По понедельникам отец не отпускал нас.
— Э-э, чего там ехать. Бросьте. Не к чему.
Иногда и правда мы задерживались. Он водил нас на завод. Мы проходили мимо домиков служащих, с меньшими, чем у отца, садиками, мимо трехэтажного красного здания — конторы, и через ворота — на заводской двор. Тут, по небольшим рельсам, лошадь везла вагонетку, валялись кучи ржавого железа, пахло чем-то остро-металлическим и едким.
Невеселая стояла пыль. Казалось, никогда над сумрачными корпусами, и над трубами, откуда дым не уставал струиться — не взойти солнцу, не восстать небу лазурному.
Отец, в фуражке, в сереньком своем костюме, коренастый, крепкий, небольшого роста, вел по мастерским. В сталелитейной бело-фиолетовая струя ослепляла нас, над нею вились звездочки золотые. Главный мастер сквозь лиловое стекло смотрел на выпуск стали, как на солнце при затмении. Гигантским краном подымали чашу с золотом кипящим, опрокидывали в особые канавки, где остывал металл, краснел и креп.

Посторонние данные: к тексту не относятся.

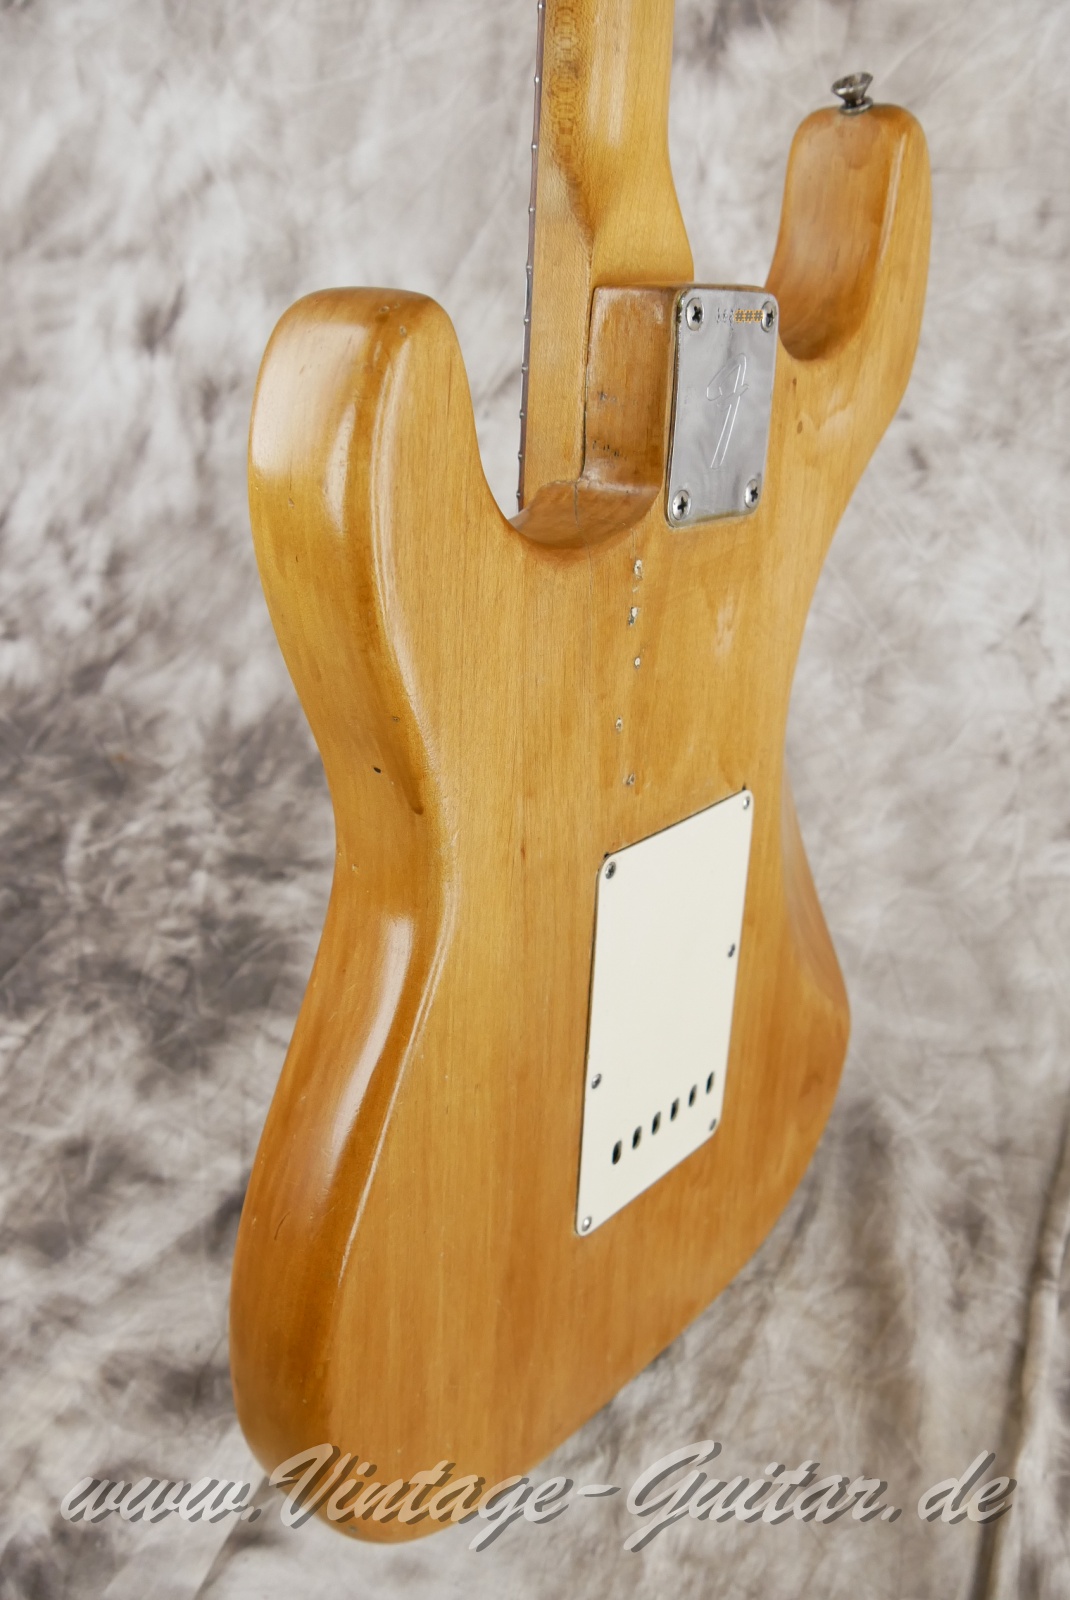 Fender_Stratocaster_body_stripped_1966-011.JPG

Мы видели — потом тащили эти самые болванки полуголые рабочие клещами, совали в вальцы, и с диким визгом пролетала огненная полоса — все yже, все длиннее, выносилась, наконец, со свистом, и ее ловил прокатчик.
Костомарова взирала равнодушно. Женя Андреевская припадала к отцу.
— Ах, как страшно!
И в глазах ее зеленых зажигалось мление испуга. Отца сопровождали мастера. Рабочие с ним кланялись, на нас глядели.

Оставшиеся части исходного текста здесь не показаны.